Castle Rock Entertainment on IMDb
Marvel Studios, LLC is an American motion picture studio based at the Walt Disney Studios in Burbank, California and is a subsidiary of Walt Disney Studios, itself a wholly owned division of The Walt Disney Company, with film producer Kevin Feige serving as president. The studio was a subsidiary of Marvel Entertainment until Disney reorganized the companies in August 2015. Dedicated to producing films based on Marvel Comics characters, the studio has been involved in three Marvel-character film franchises to have exceeded $1 billion in North American revenue: the X-Men, Spider-Man, Marvel Cinematic Universe multi-film franchises; the Spider-Man franchise is licensed to Sony Pictures. Since 2012, Marvel Studios' films are distributed theatrically by Walt Disney Studios Motion Pictures, having been distributed by Paramount Pictures from 2008 to 2011. Universal Pictures distributed The Incredible Hulk and has the right of first refusal to distribute any future Hulk films produced by Marvel Studios, while Sony Pictures distributed Spider-Man: Homecoming and will distribute any future Spider-Man films produced in conjunction with Marvel Studios.
Marvel Studios has released 21 films since 2008 within the Marvel Cinematic Universe, from Iron Man to Captain Marvel. These films all share continuity with each other, along with the One-Shots produced by the studio and the television shows produced by Marvel Television; the series has grossed over $18 billion at the global box office, making it the highest-grossing film franchise of all time.
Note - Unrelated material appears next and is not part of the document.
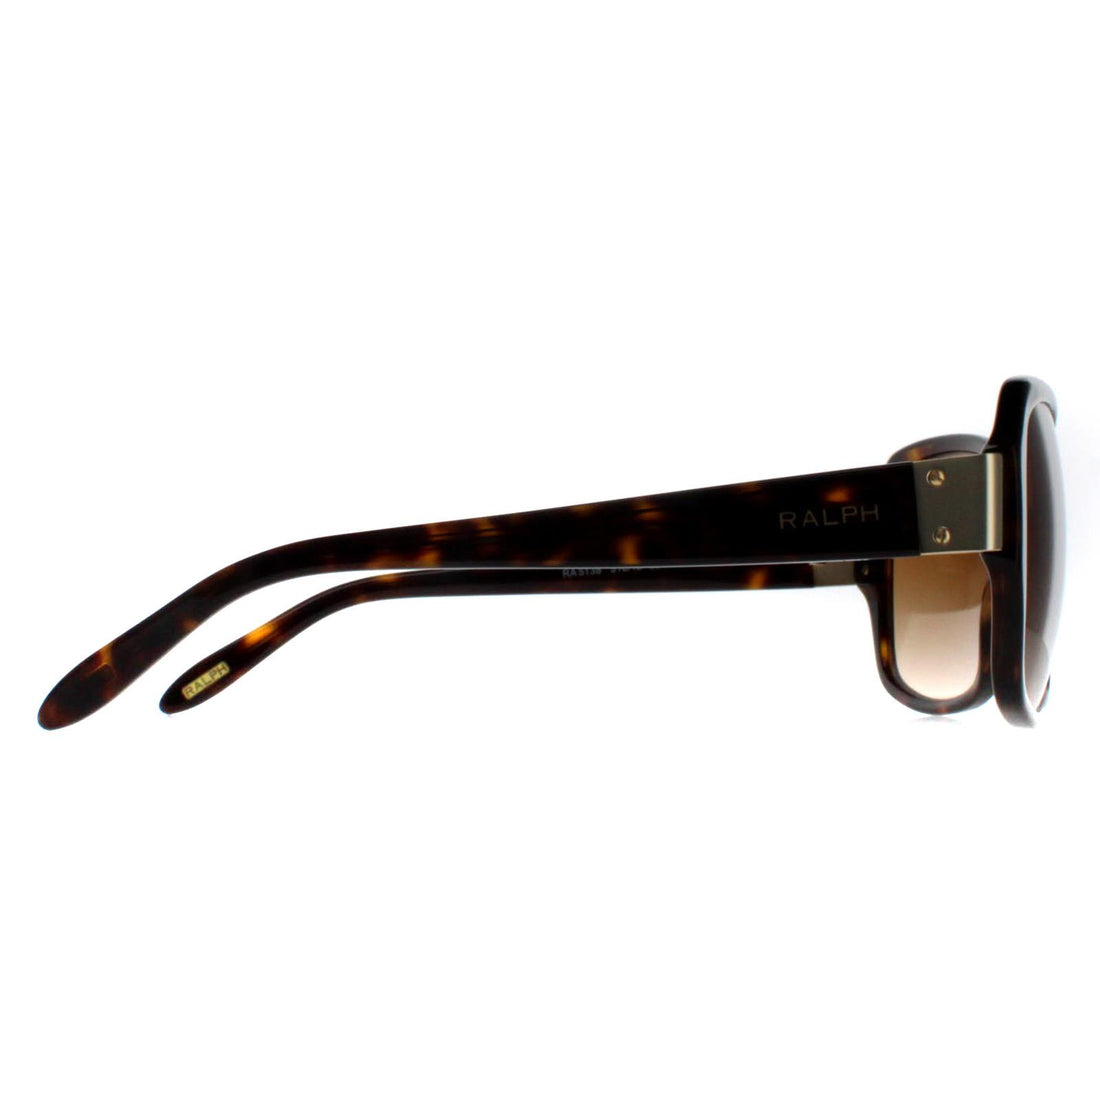 Ralph by Ralph Lauren Sunglasses RA5138 510/13 Dark Havana Brown Gradient
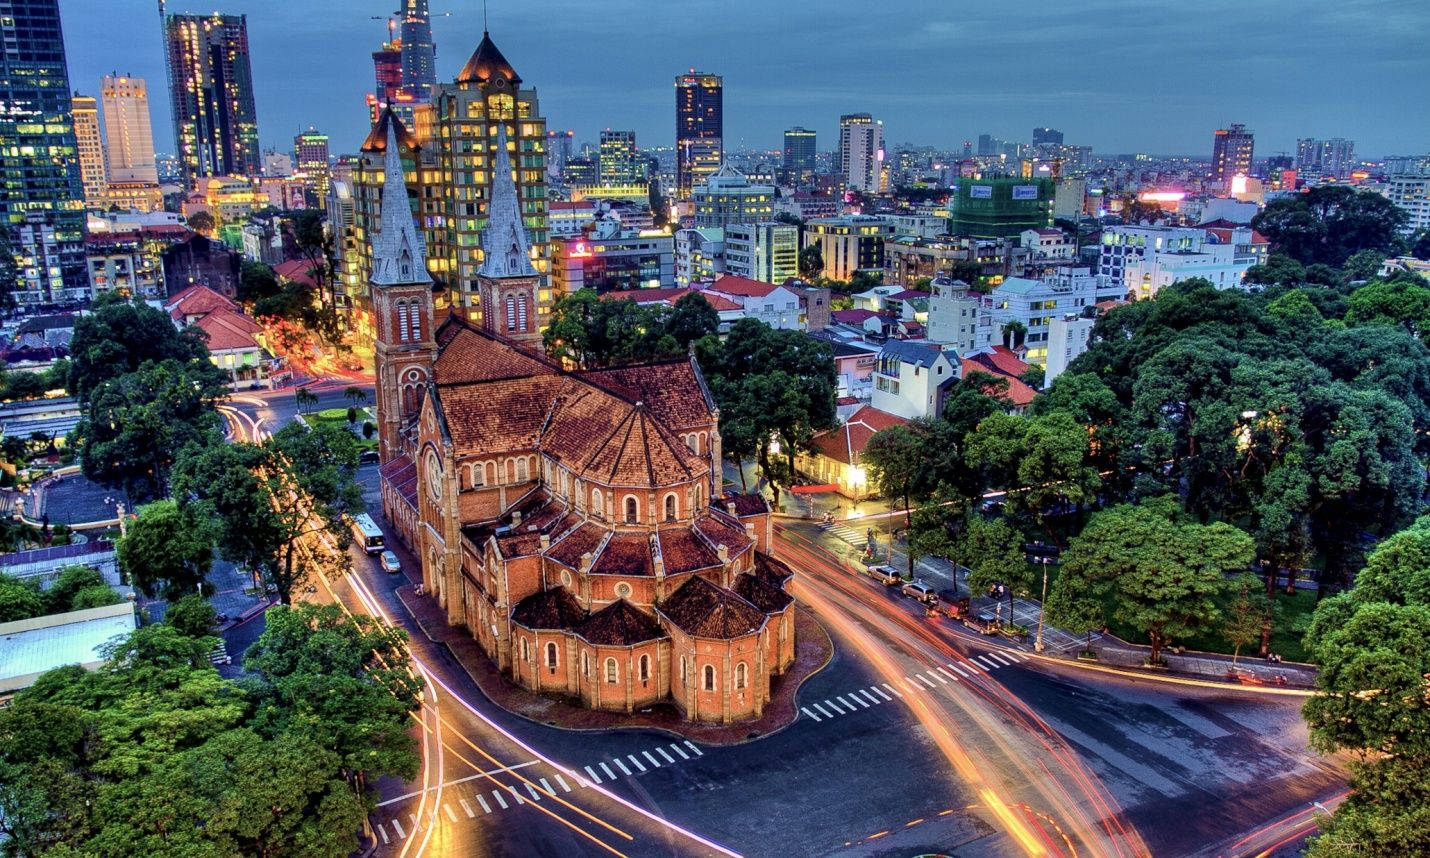 Jagföreslår Att Du Använder Ho Chi Minh City Gothic Cathedral Som Bakgrundsbild På Din Dator Eller Mobiltelefon. Det Skulle Se Väldigt Imponerande Ut! Wallpaper

During what is known as Marvel's Timely era, Captain America was licensed out to Republic Pictures for a serial just for the free advertising. Timely failed to provide any drawing of Captain America with his shield or any further background, Republic created a whole new background for the character, portrayed the character using a gun. In the late 1970s up to the early 1990s, Marvel Entertainment Group sold options to studios to produce films based on Marvel Comics characters. One of Marvel's superheroes, Spider-Man, was optioned in the late 1970s, rights reverted to Marvel without a film having been produced within the allocated timeframe.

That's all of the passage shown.